* _Data excerpts_
--- START ---

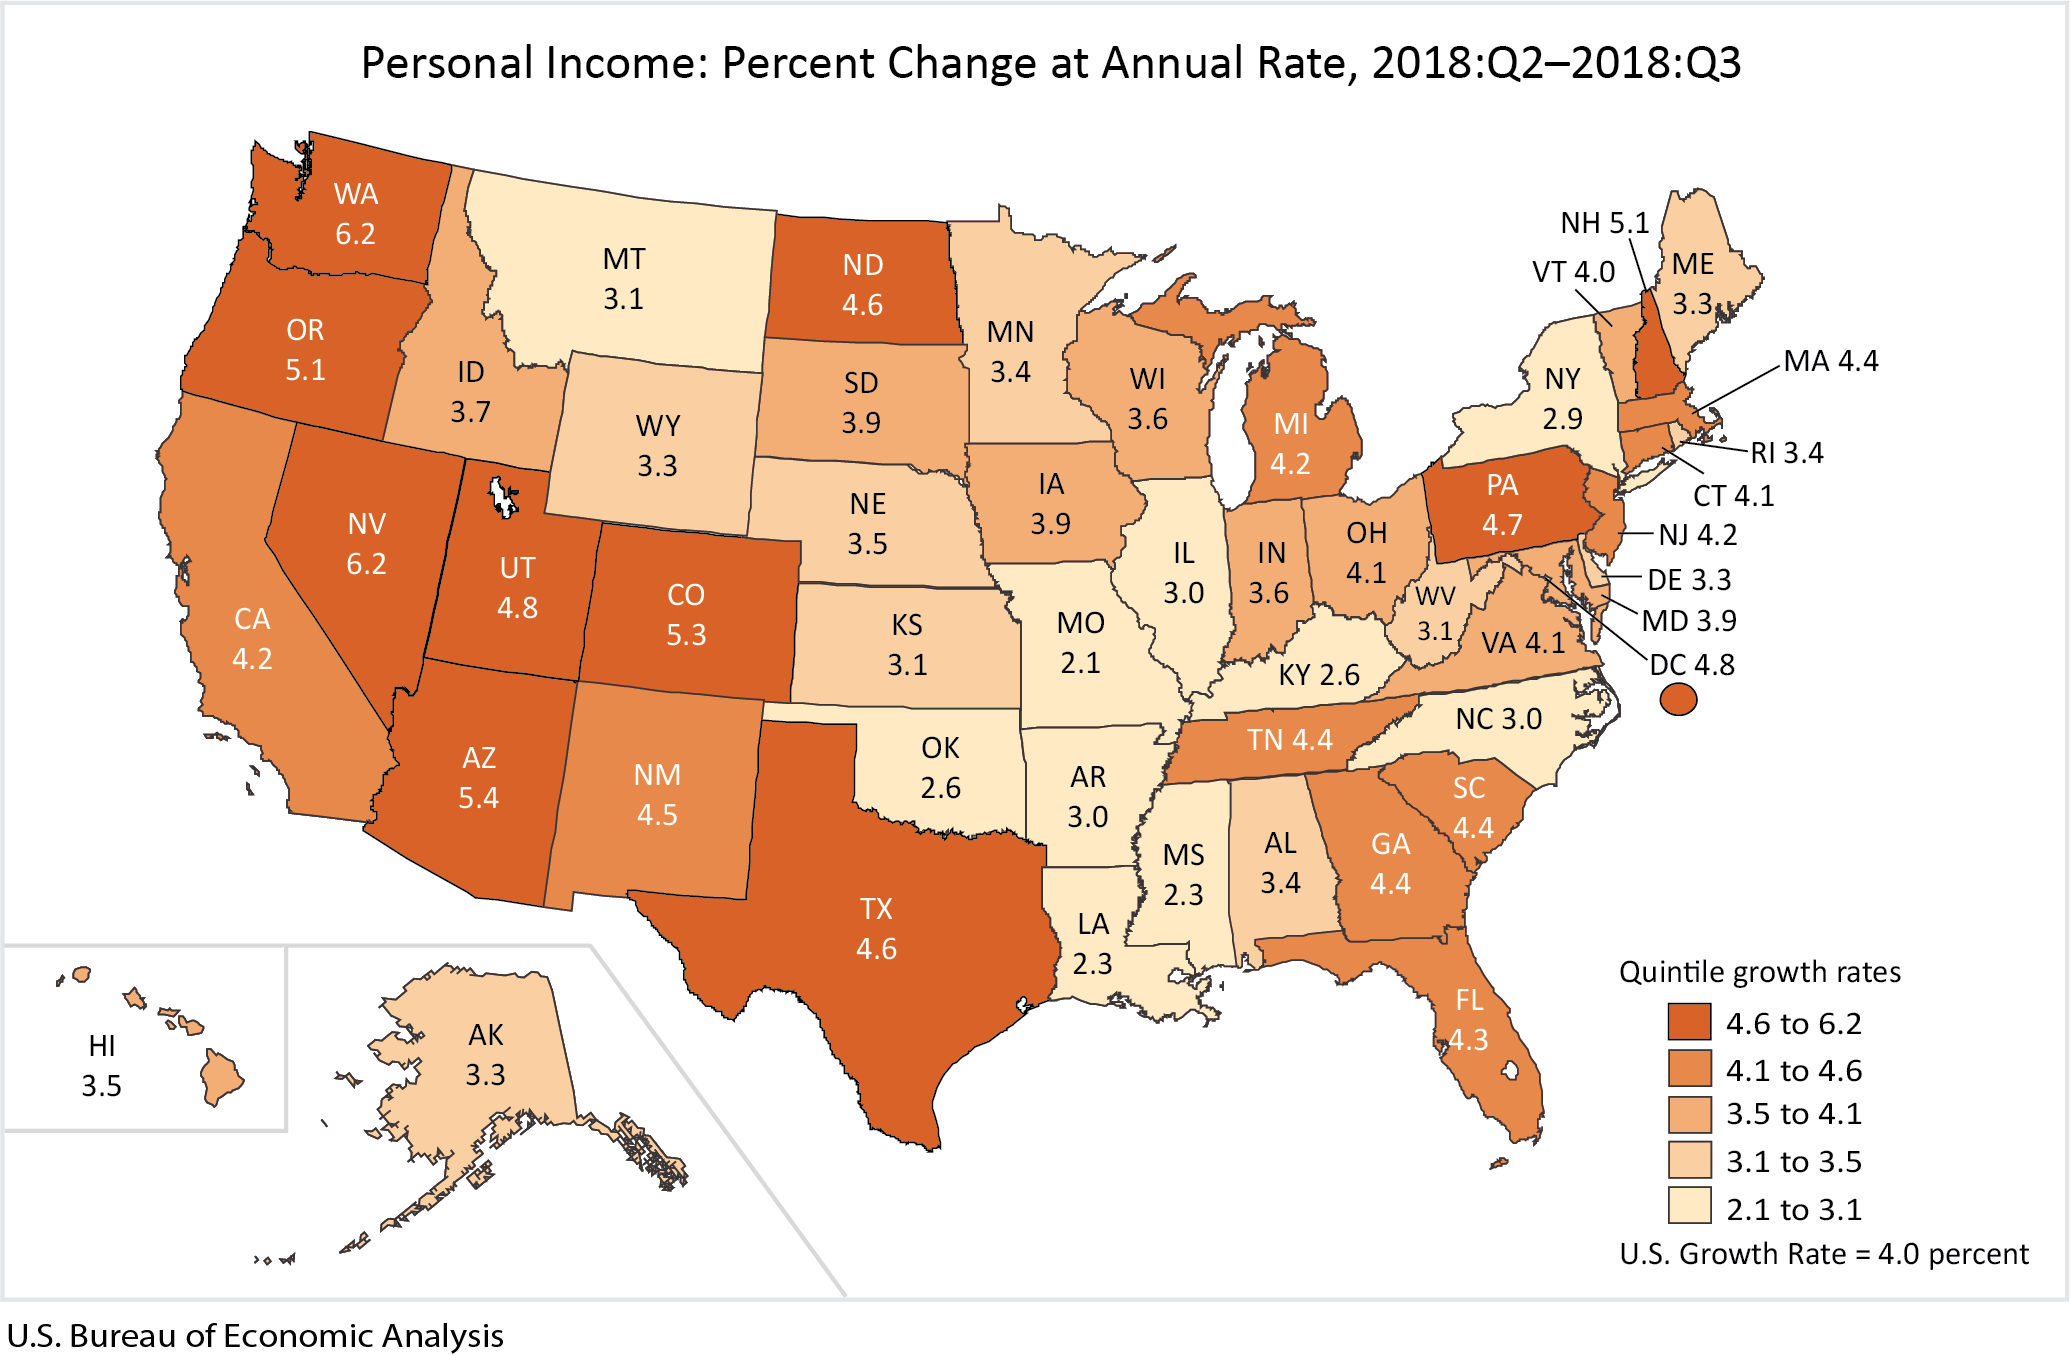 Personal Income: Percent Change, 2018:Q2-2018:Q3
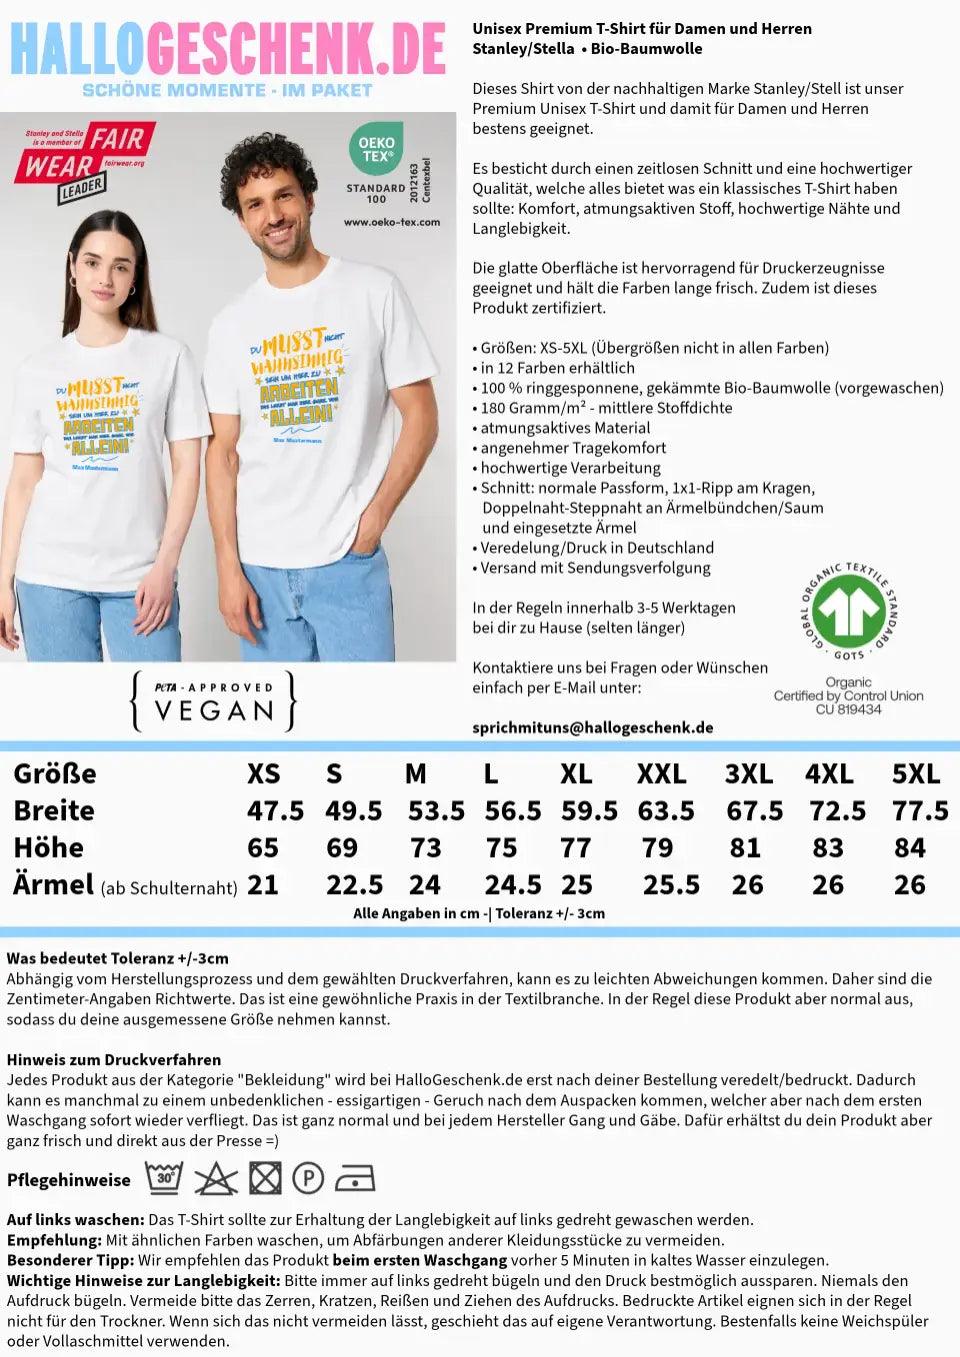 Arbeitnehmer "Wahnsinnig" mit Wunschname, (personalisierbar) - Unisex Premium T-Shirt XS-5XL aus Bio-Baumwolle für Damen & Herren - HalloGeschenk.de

--- END ---
--- START ---

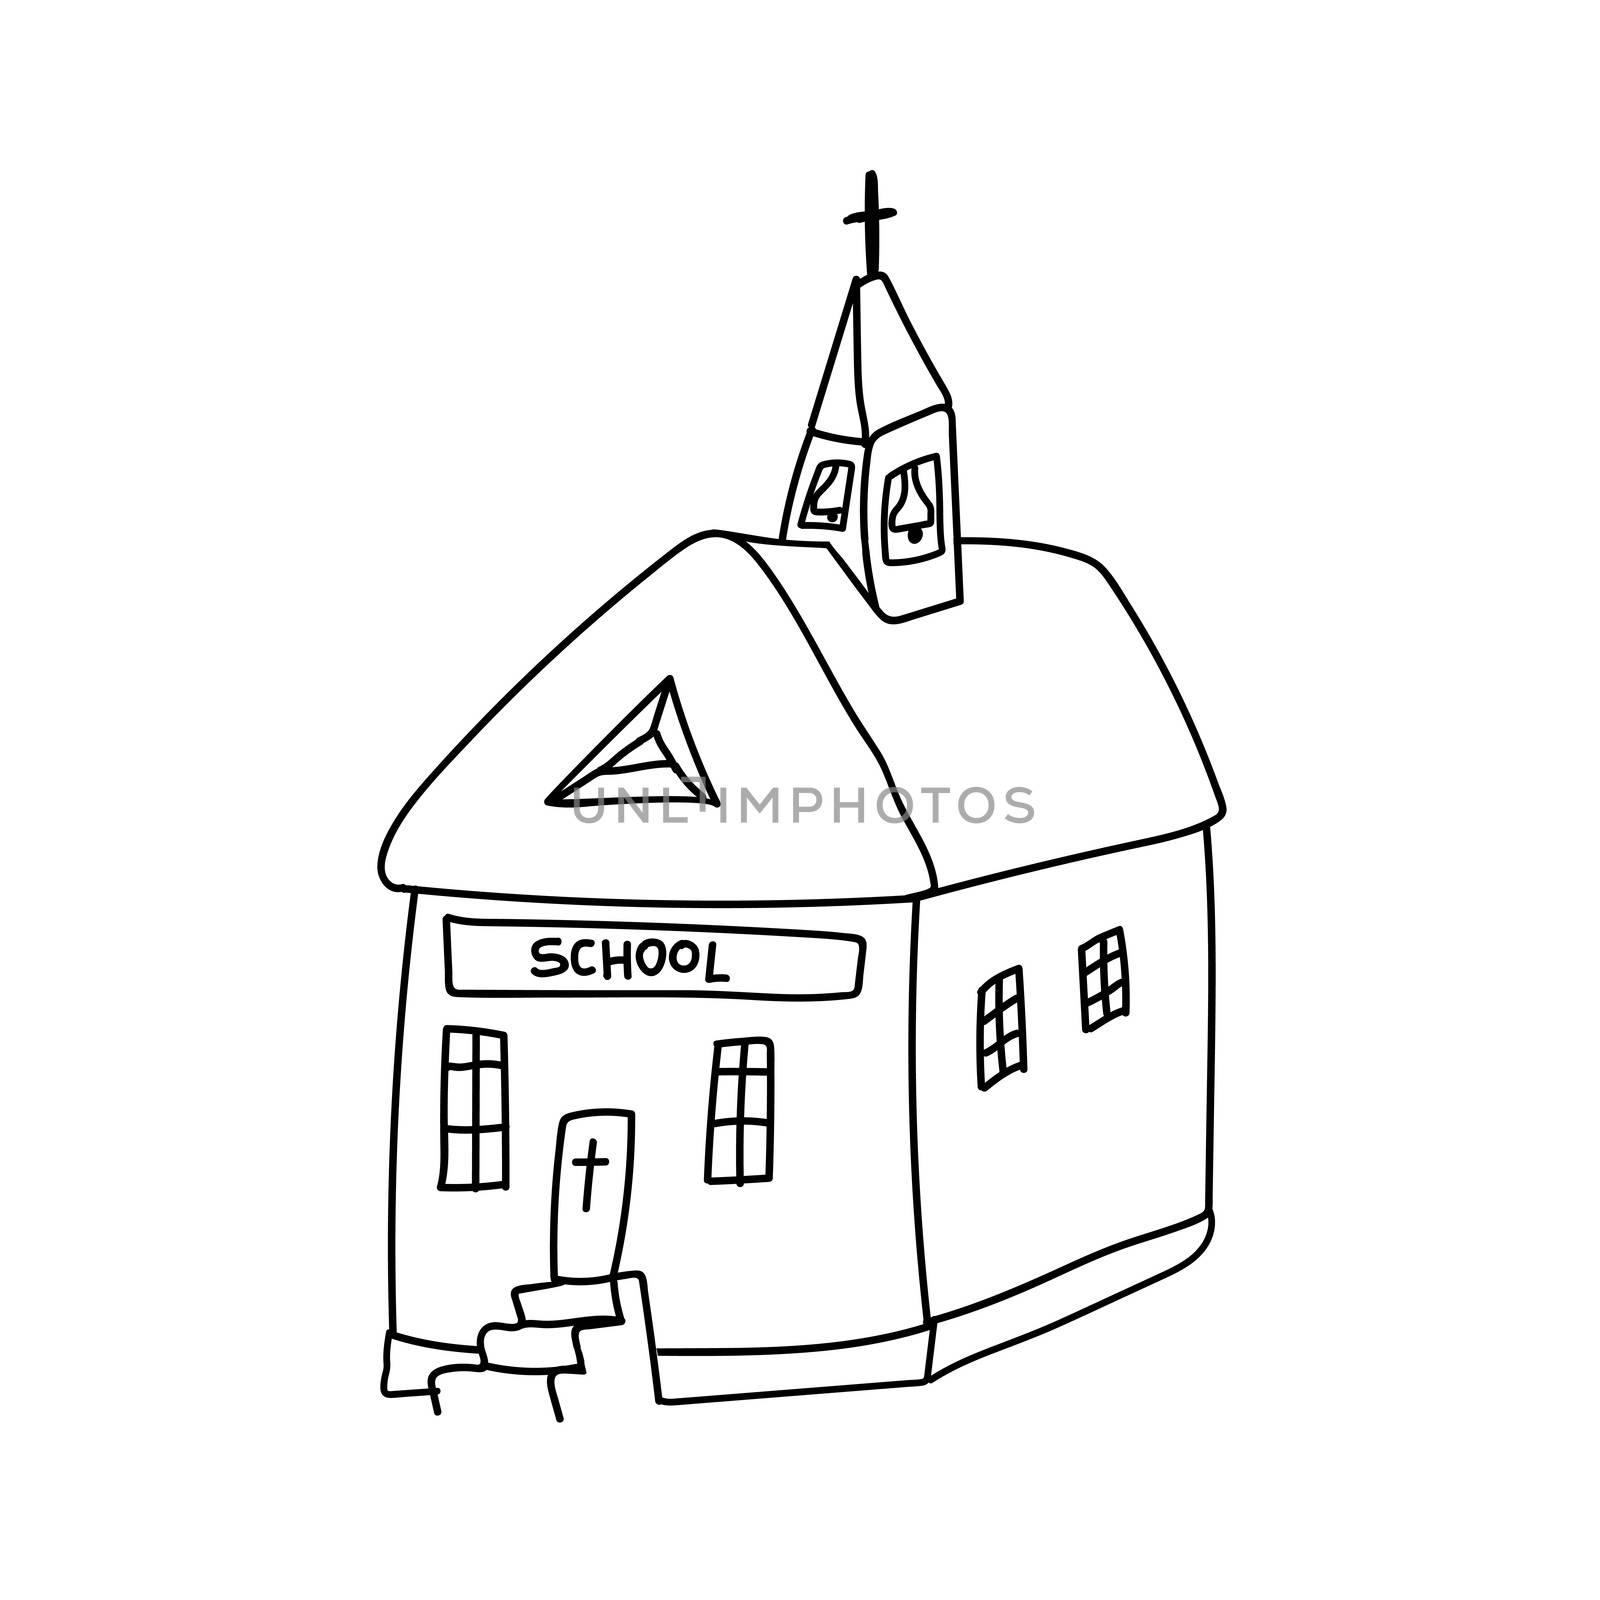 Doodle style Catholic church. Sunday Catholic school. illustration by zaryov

--- END ---
--- START ---

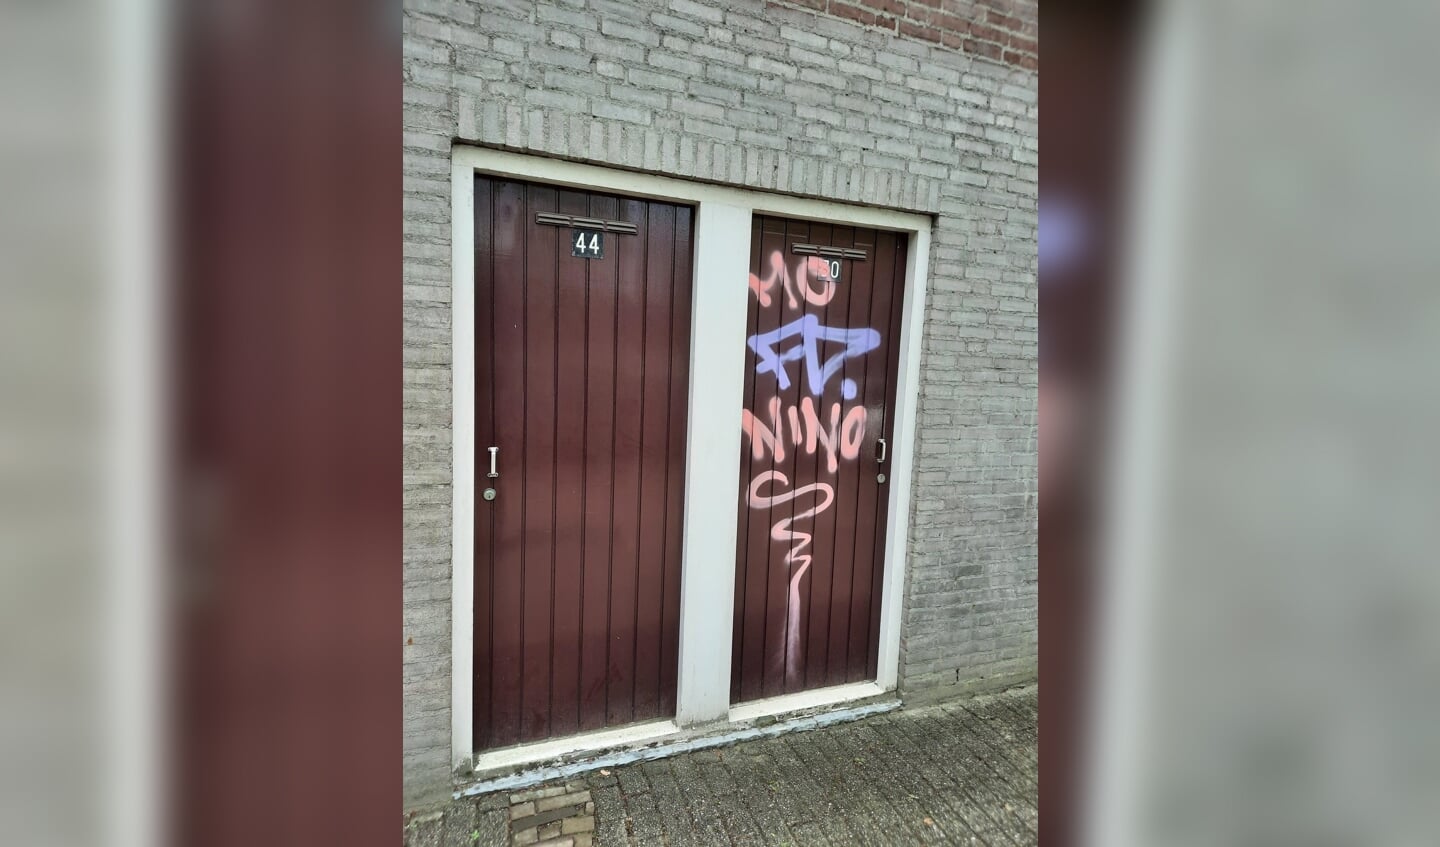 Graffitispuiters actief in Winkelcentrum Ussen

--- END ---

* _Task prompt_
With the pictures omitted, copy exactly the lines of the listing above starting at the line containing "Personal Income: Percent" and ending at the line containing "Herren - HalloGeschenk.de", both included.

* _Problem solution_
 Personal Income: Percent Change, 2018:Q2-2018:Q3
 Arbeitnehmer "Wahnsinnig" mit Wunschname, (personalisierbar) - Unisex Premium T-Shirt XS-5XL aus Bio-Baumwolle für Damen & Herren - HalloGeschenk.de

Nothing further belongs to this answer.